La dinámica de la cata consistió en probar cada cerveza individualmente anotando las características de cada una (como novedad, este año en las botellas han dejado un espacio en la etiqueta para que escribamos la nota de cata).

Después, con una muestra de cada una fuimos comparando entre sí, esperando a que fueran ganando en matices al aumentar la temperatura y finalmente cada participante ordenó las cervezas según su preferencia, y los resultados nos sorprendieron a todos.

Brewdog All Day Long

Brewdog All Day Long

 

PROTOTIPO 1: ALL DAY LONG (Mild Ale)

Maltas: Pale, Cara, Cara Red, Munich, Crystal, Dark Crystal, Rye

Lúpulos: Columbus, Cascade, Amarillo, Centennial

ABV: 2.7%  IBUs: 30  OG: 1.033

Cerveza baja en alcohol y compleja en aromas, hecha con la idea beber a litros después de un duro día de trabajo (de ahí el nombre). De color ambarino-rojizo y cuerpo ligero, nos llamó la atención por la gran cantidad de matices que encontramos en aroma para ser el estilo que es y tener la graduación que tiene. Nada más servir, aromas a cítricos (pomelo y naranja sobre todo) resinas, flores, dando paso a un agradable aroma maltoso a toffee, pasas y caramelo. En boca ligeramente dulce y un amargor final seco con un punto picante (seguramente debido al uso de centeno). A mí me recordó un poco al olor de un Panettone italiano, sobre todo al ganar en temperatura.
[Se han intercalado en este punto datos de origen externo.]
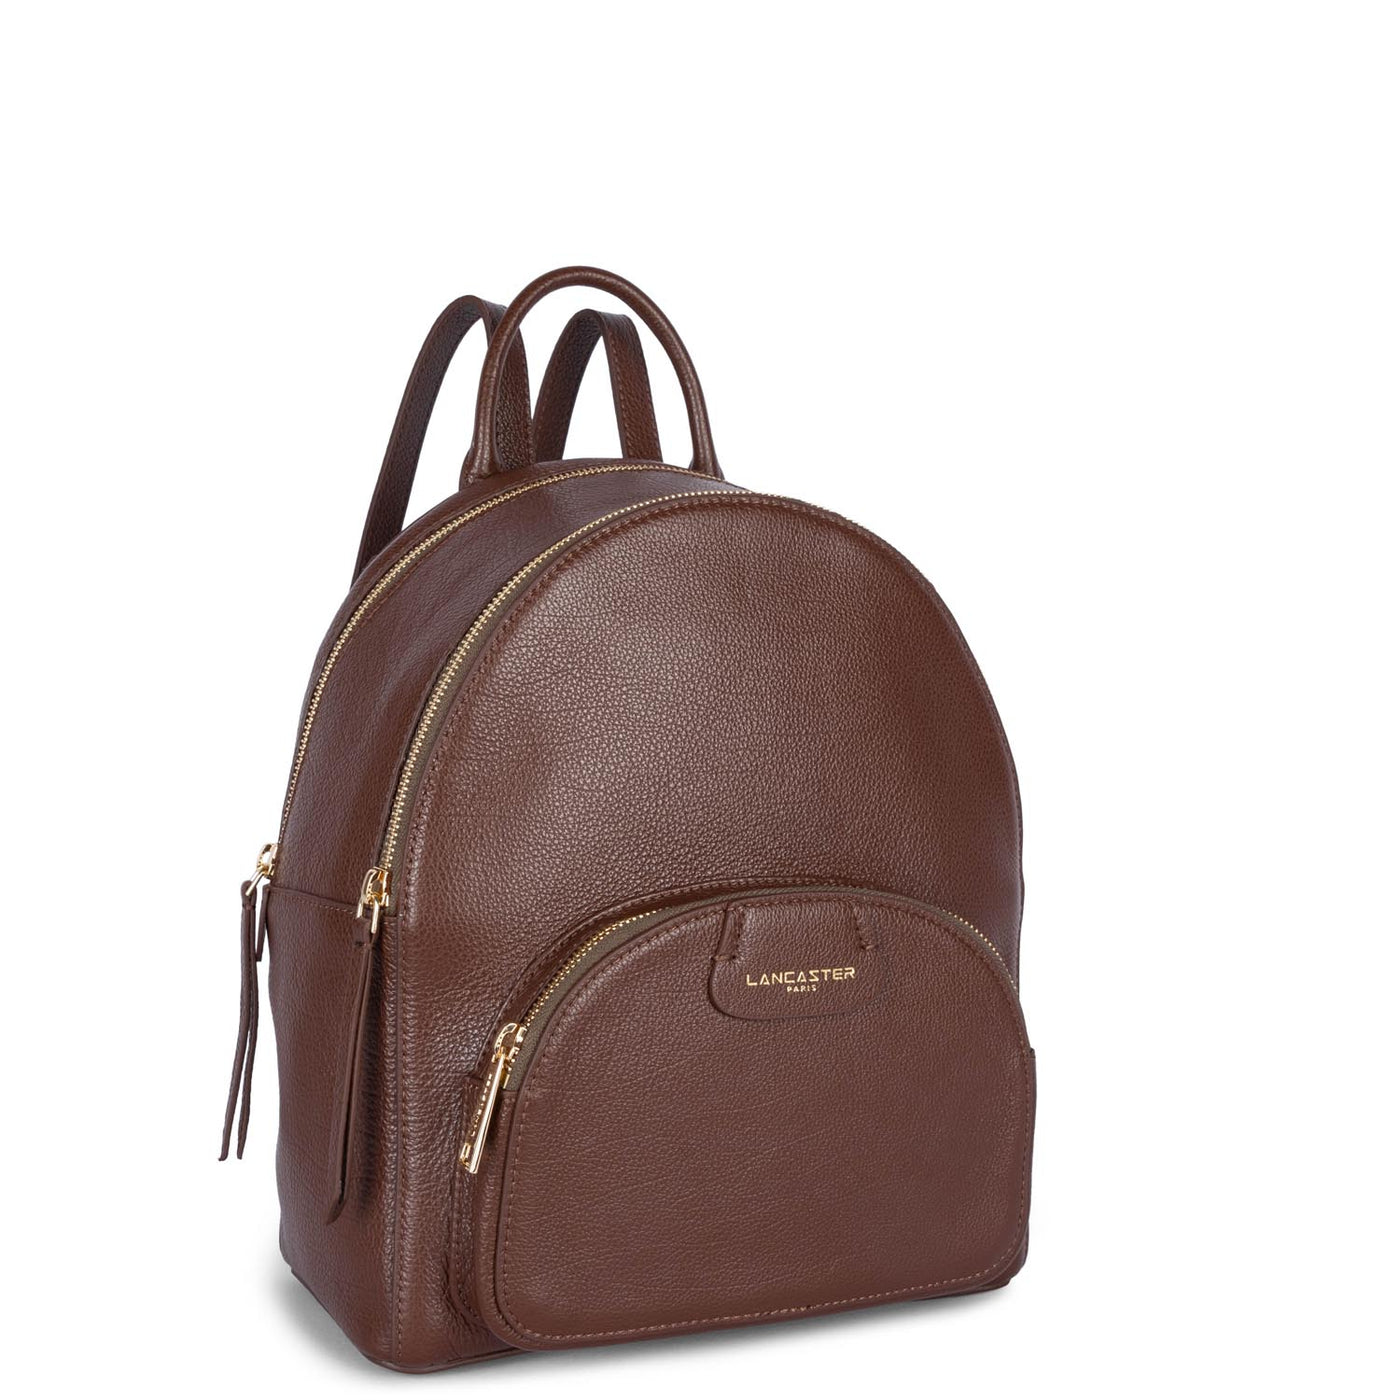 m backpack - dune #couleur_chataigne

CONCLUSIÓN: En general gustó bastante esta cerveza, sobre todo para ser tan suave en alcohol y tener notas dulces pero no llegar a empalagar, sí que se hacía fácil de beber. Interesante sobre todo por la gran cantidad de maltas y lúpulos que tiene, han conseguido una cerveza suave pero compleja y bien equilibrada.
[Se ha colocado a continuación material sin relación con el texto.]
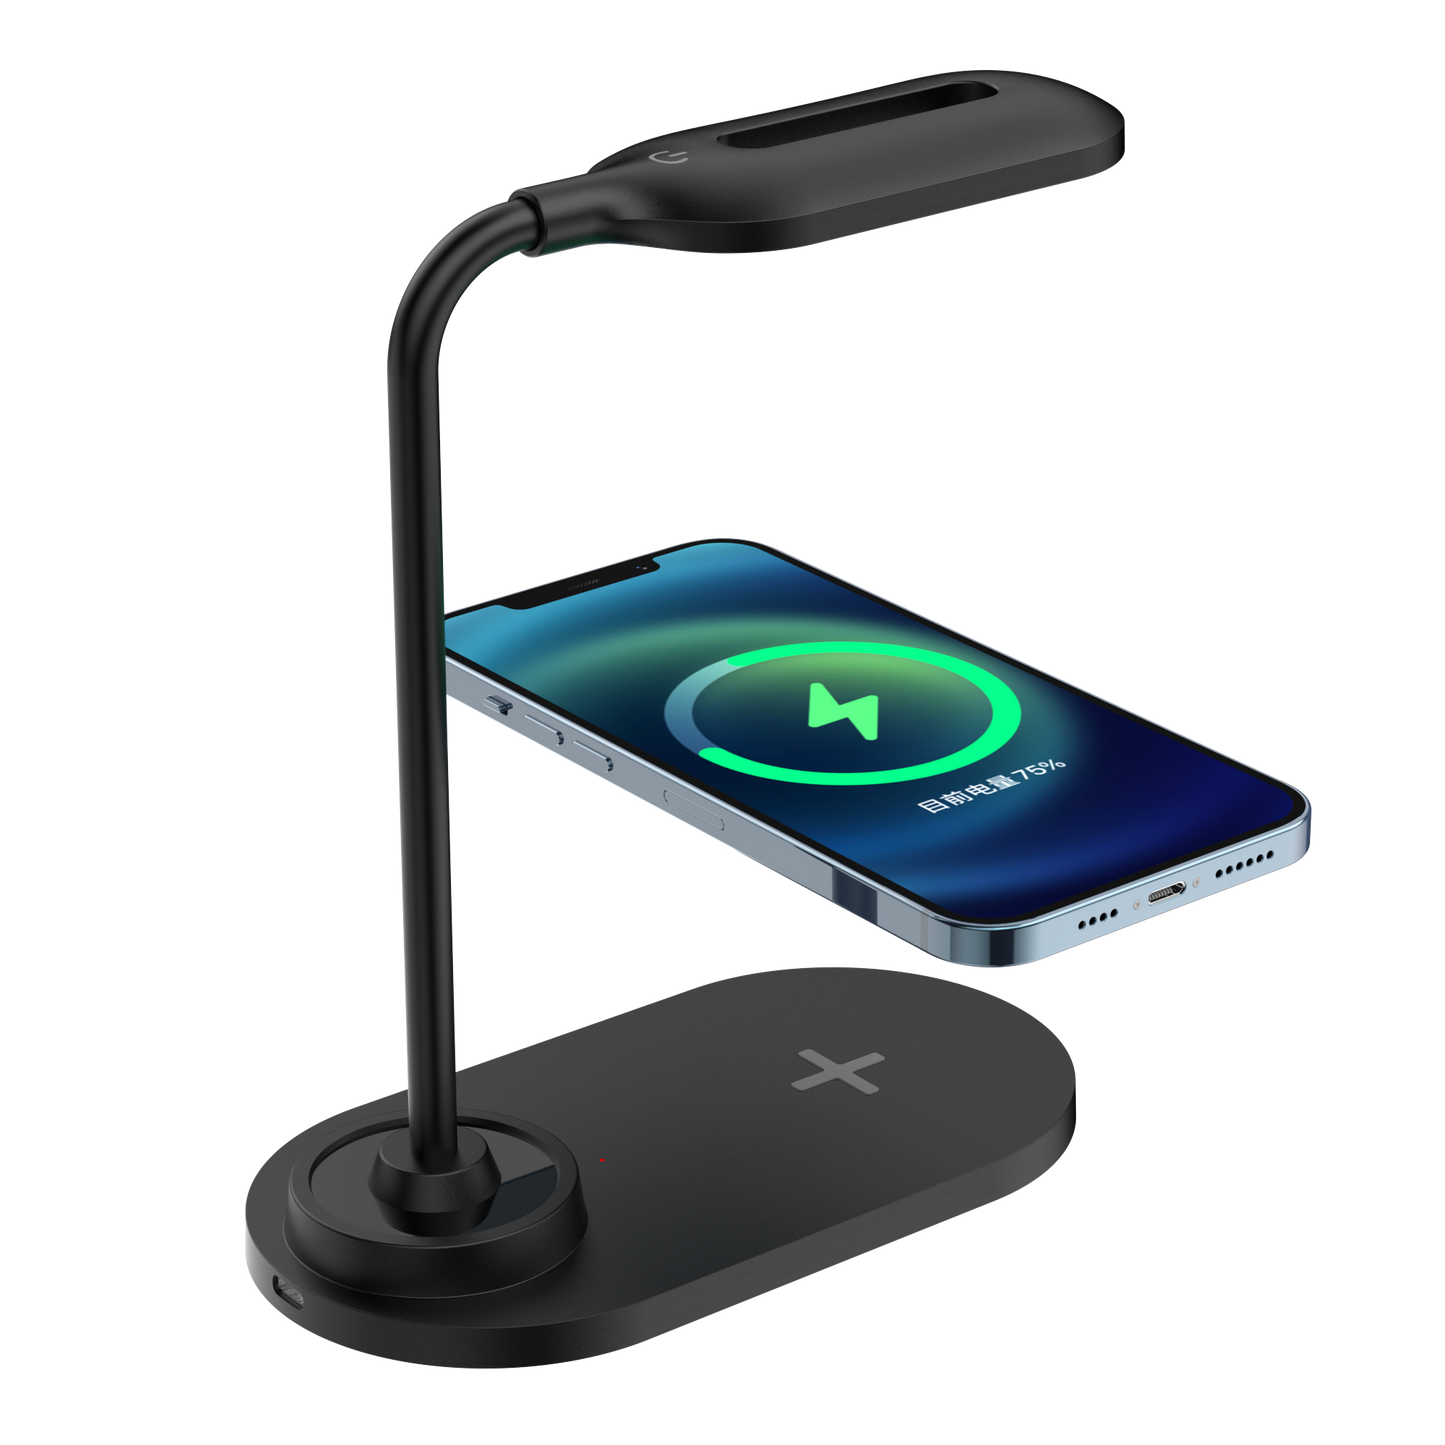 30W Wireless Charging LED Table Lamp. Fast Wireless Charger

PROTOTIPO 2. ALT AMBER (Altbier)

Brewdog Alt Amber

Brewdog Alt Amber

Maltas: Pale, Munich, Carafa

Lúpulos: Magnum, Hersbrucker

ABV: 5.2%   IBUs: 45   OG: 1.050

Una Altbier con ese toque Brewdog que tanto caracteriza a todas sus cervezas, nada más servirla nos llama la atención su oscuro color cobrizo- marrón oscuro apagado (seguramente debido al toque de la malta negra Carafa) y cuerpo ligero. Aromas a caramelo, flores, toffee, pan tostado, nueces, pasas…En boca dulce pero no demasiado, algo seca, con un final duradero a maltas torrefactas.
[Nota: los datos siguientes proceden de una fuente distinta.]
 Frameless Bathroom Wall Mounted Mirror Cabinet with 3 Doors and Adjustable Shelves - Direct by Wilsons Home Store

CONCLUSIÓN: No disgustó, aunque tampoco le encontramos nada muy sorprendente, pero bien hecha, diferente a otras de esta cervecera aunque con su toque de la casa.

Brewdog Vagabond Pale Ale

Brewdog Vagabond Pale Ale

PROTOTIPO 3. VAGABOND PALE ALE (PALE ALE)

Maltas: Pale, Cara, Crystal

Lúpulos: Centennial, Amarillo

ABV: 4.5%  IBUs: 55   OG: 1.046

De esta cerveza destacar que es una cerveza sin gluten, la primera sin gluten de Brewdog. Lúpulos americanos para dar un amargor y aroma intenso, destacando toques a pomelo, melocotón, frutas tropicales (piña, mango) y flores. En boca un ligero amargor que da paso a un amargor persistente. Interesante la cantidad de IBUS para la densidad original de la cerveza, la hace un poco más amarga que el resto de los prototipos.

CONCLUSIÓN: De no ser porque no tiene gluten nos parecería una cerveza más de Brewdog, bien hecha pero sin ser muy diferente a otras que tiene del estilo. Color más anaranjado que una Dead Pony o Punk IPA, pero un perfil más o menos parecido a estas.

PROTOTIPO 4. HOP FICTION (IPA)

Brewdog Hop Fiction

Brewdog Hop Fiction

Maltas: Pale

Lúpulos: Chinook, Amarillo, Mosaic

ABV: 6.5%

IBUs: 65

OG: 1.060

Llegamos a esta cerveza con muchas ganas, inconscientemente queriéndola comparar con “nuestra” Hop Fiction (la de los chicos de La Quince). Tal vez esas expectativas hicieron que nos pareciese mucho más “normal” de lo que esperábamos, pero no me adelanto..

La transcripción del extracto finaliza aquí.